I just saw the same probe response timeouts in mainline albeit after long time - no kidding. I am pretty sure I never saw those with previous mainline (i.e. prior to 47afbaf5af9454a7a1a64591e20cbfcc27ca67a8 ).
I will do some more testing with current mainline for a day or two and see. But for now I am OK if this is not tracked as a regression in mainline. We can do that later if I see consistent problems. Thanks.
If you just occasionally see it that's nothing unexpected really. Your AP might be flaky or something might be causing enough disturbance in the spectrum that too many frames get lost, etc. Normally you wouldn't even notice if you aren't specifically looking for that in the logs.
Ok, as of now, there is no connectivity issue, so as long as that remains the case I will ignore the mainline timeouts and continue on testing wireless.git as you mentioned earlier.
I tried 2.6.30_rc5-git1 in hope this was fixed, Bug is still present.
I tried wireless-testing.git(bf2c6a38af6095ee1116278f240ccb9c65c6337d), Bug is still present. So I bisected it and found
576f8ba3cc2dcb8ee593548990bde4f8e4d3707e is first bad commit
Author: Kalle Valo <firstname.lastname@example.org>
Date: Tue Feb 10 17:09:31 2009 +0200
mac80211: use ps-poll when dynamic power save mode is disabled
When a directed tim bit is set, mac80211 currently disables power save
ands sends a null frame to the AP. But if dynamic power save is
disabled, mac80211 will not enable power save ever gain. Fix this by
adding ps-poll functionality to mac80211. When a directed tim bit is
set, mac80211 sends a ps-poll frame to the AP and checks for the more
data bit in the returned data frames.
Using ps-poll is slower than waking up with null frame, but it's saves more
power in cases where the traffic is low. Userspace can control if either
ps-poll or null wakeup method is used by enabling and disabling dynamic
Signed-off-by: Kalle Valo <email@example.com>
Signed-off-by: John W. Linville <firstname.lastname@example.org>
:040000 040000 9b208f02227687e2c918a49a3f2c123c022346a5 c69d5b217810a975923db9f58e91dd3239de0ae0 M net
02:00.0 Network controller: Atheros Communications Inc. AR5008 Wireless Network Adapter (rev 01)
Physical Slot: 2
Flags: bus master, fast devsel, latency 0, IRQ 17
Memory at 90100000 (64-bit, non-prefetchable) [size=64K]

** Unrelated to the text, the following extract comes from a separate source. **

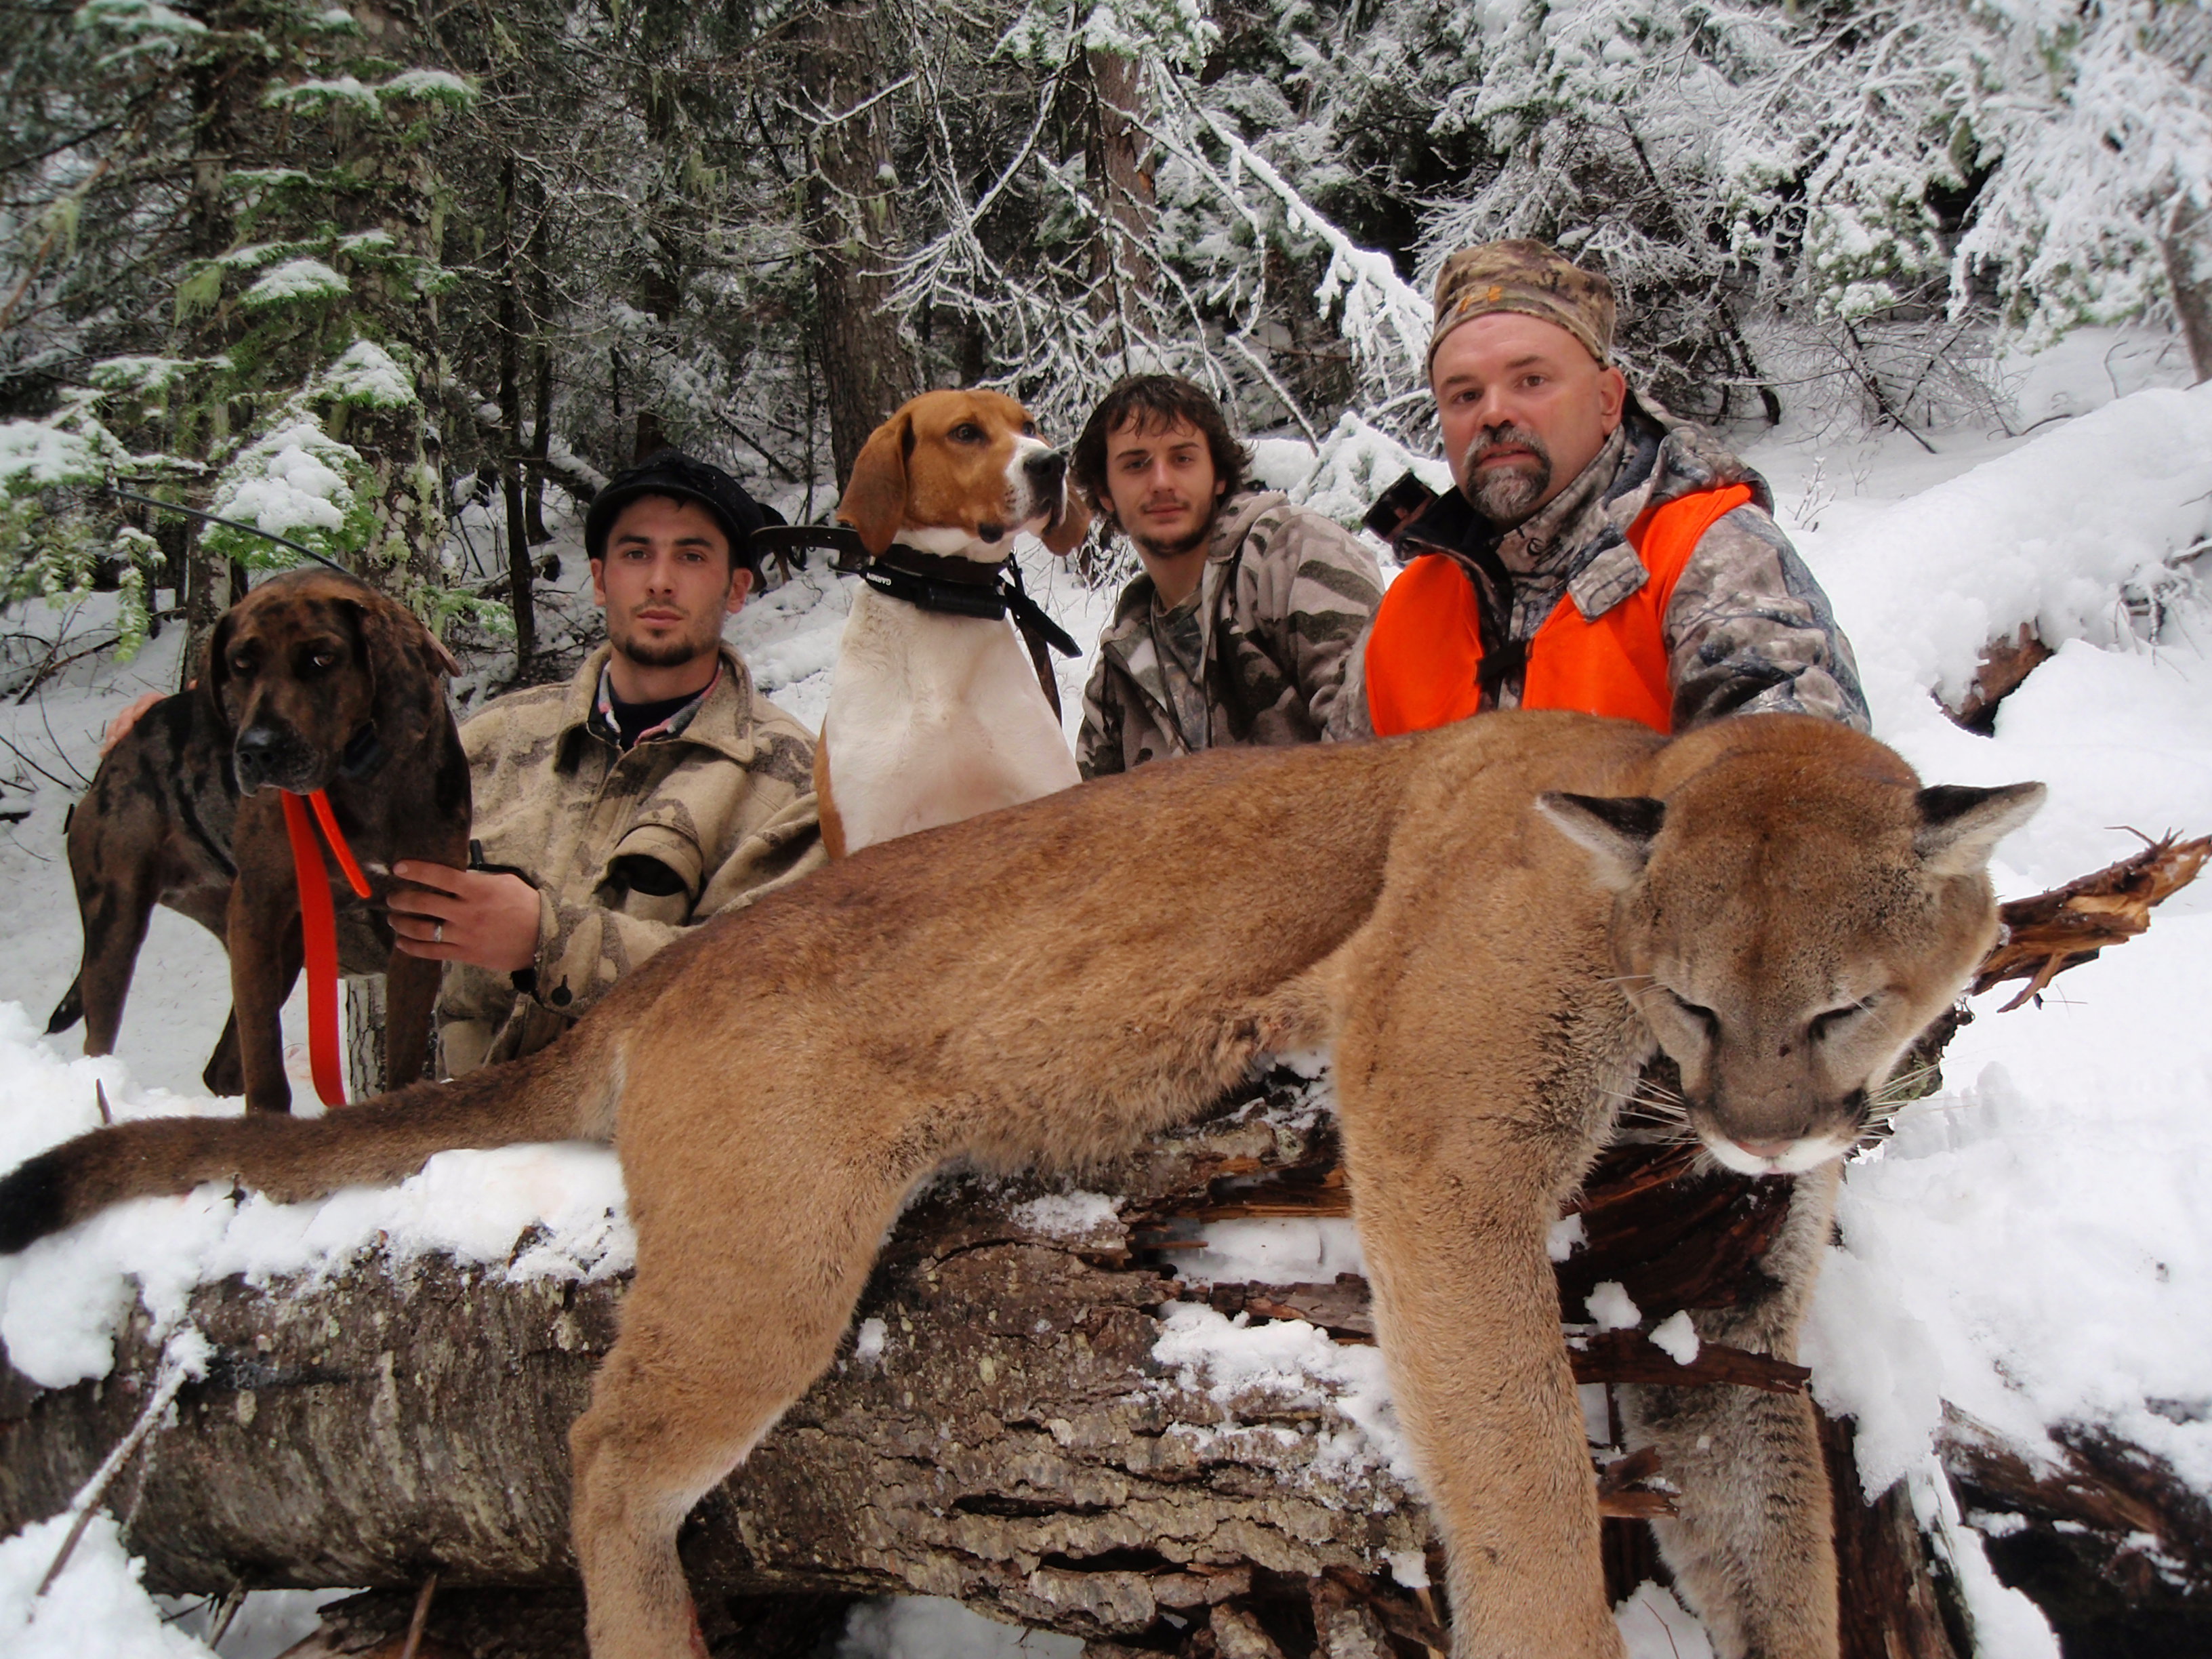 Montana guided cougar hunts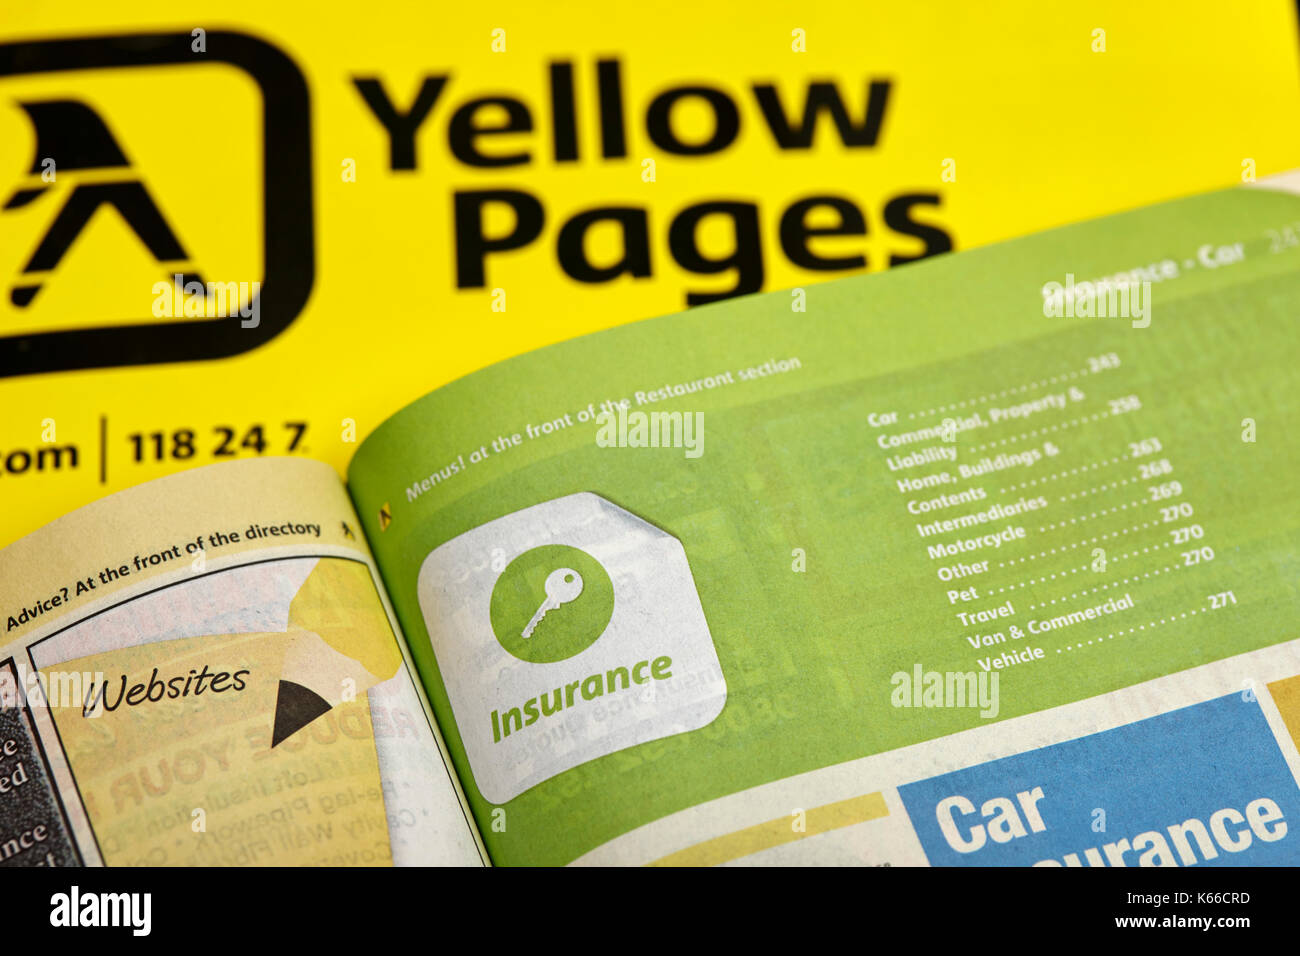 insurance section of yellow pages classified telephone directory paper edition uk Stock Photo

Capabilities:  Power Management version 2
Capabilities:  MSI: Mask- 64bit- Count=1/1 Enable-
Capabilities:  Express Legacy Endpoint, MSI 00
Capabilities:  MSI-X: Enable- Mask- TabSize=1
Capabilities:  Advanced Error Reporting
Capabilities:  Virtual Channel <?>
Kernel driver in use: ath9k
I hope someone can fix this now :)
This is the same as comment #0 for me
Good example for how bisect will totally go wrong when you can't really 100% reproduce the issue...
This doesn't really seem to make sense as the problem.
Please revert the commit and confirm that doing so solves it... And don't just try once, wireless connections aren't always 100% reproducible.
So the mainline is not affected, correct? Closing, please reopen if this is not the case.